The applications of deep neural networks (DNN) have grown in number in recent years, but there is a need to better support their deployment in the field. This dissertation introduces Intelligence Distribution Network (IDN), a platform specifically designed to support this increasing demand for DNN inference computations. IDN is a fault-tolerant decentralized peer-to-peer (p2p) network that delivers fast, low-cost, scalable execution of DNN models. IDN does this by optimizing DNN inference for this setting, and then distributing the computation among spare computing resources nearby. IDN reduces inference time using BranchyNet, a technique to modify the standard DNN structure with ''exit branches'' at certain locations throughout the network, allowing some samples to exit the computation early and decreasing the inference time.

IDN scales inference to the entire IDN p2p network using Distributed Deep Neural Network (DDNN), a method that allows DNN inference to be distributed among a computing hierarchy consisting of devices, edges, and clouds.
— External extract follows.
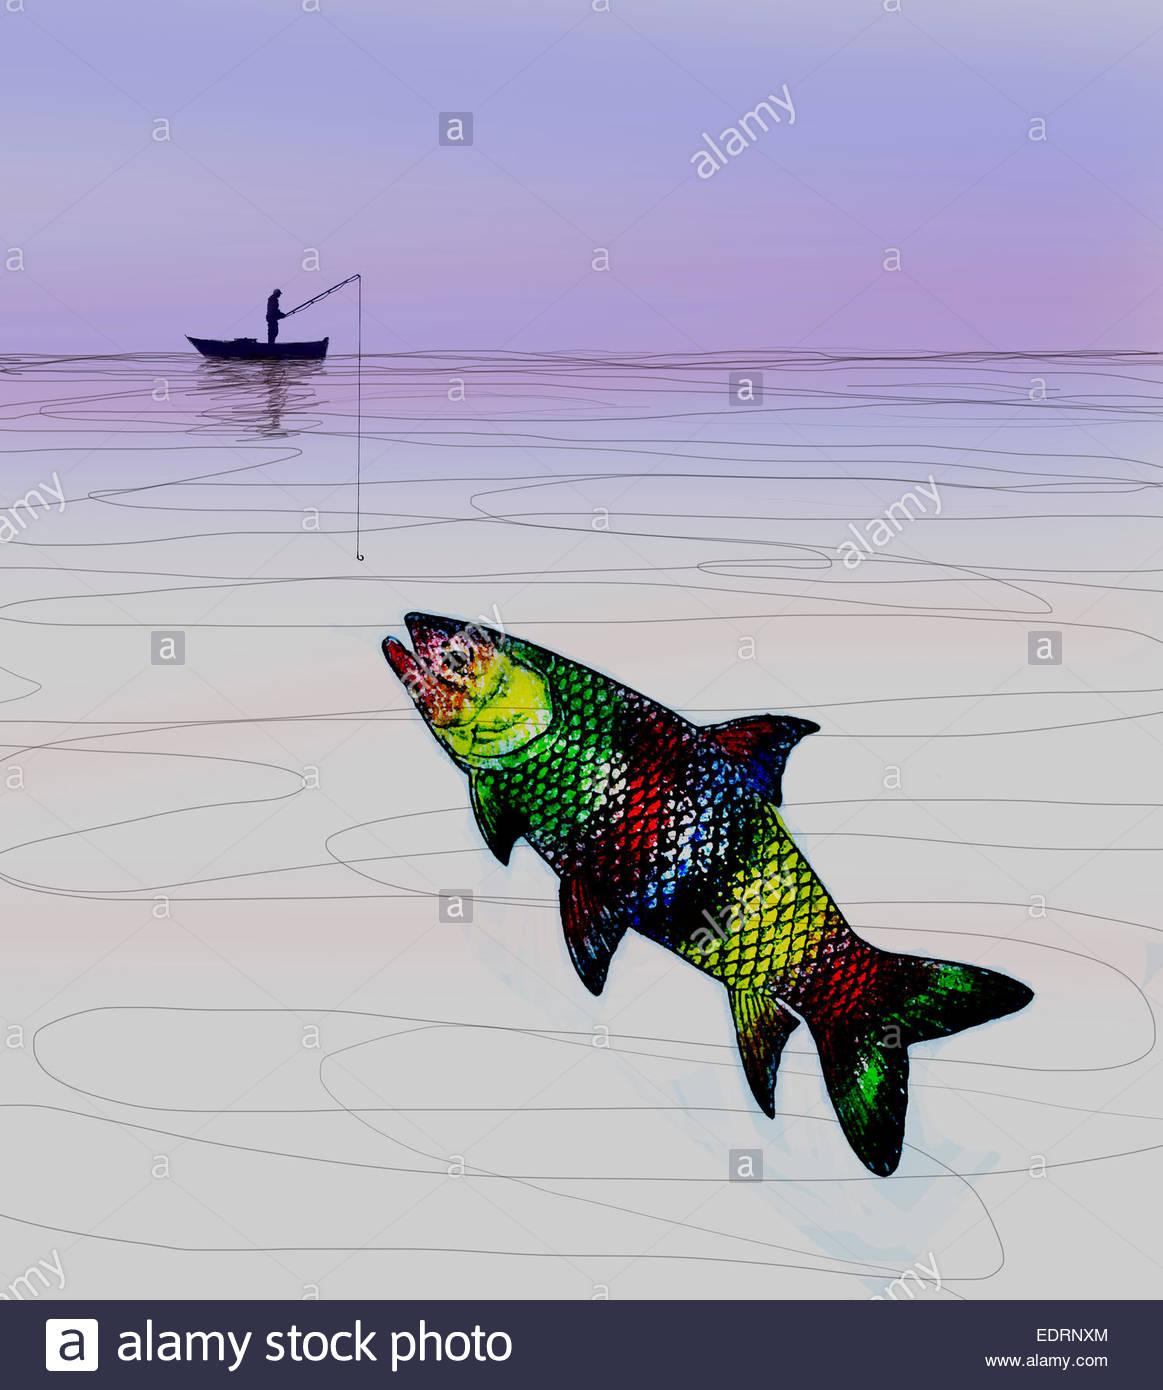 L'uomo cerca di catturare grandi pesci multicolori Immagini Stock

IDN achieves fault tolerance and high availability for DNN inference with ParallelNet. ParallelNet can generate multiple DNN model of various sizes, each fitting a device of varying compute capacity. Each device can execute its model independently in parallel. ParallelNet allows DNN inference to be run on more devices independently, improving the fault tolerance and availability of DNN inference. IDN incentivizes the creation of a large number of high quality DNN models that can be shared among users using DaiMoN, a Decentralized Artificial Intelligence Model Network. DaiMoN improves upon today's limited, redundant, and siloed DNN model sharing structures by incentivizing peers to collaborate and share DNN models to improve the accuracy of a given problem in a decentralized manner. Finally, to manage how IDN is used, the ComputeSwap protocol incentivizes peers to participate in the network via an optimistic debt-repayment structure that probabilistically results in repayment based on credits earned for executing inference and debts acquired by using the network. This encourages peers to service inference computations that are needed by other peers by maintaining a balance to not accumulate too much debt or give too little credit.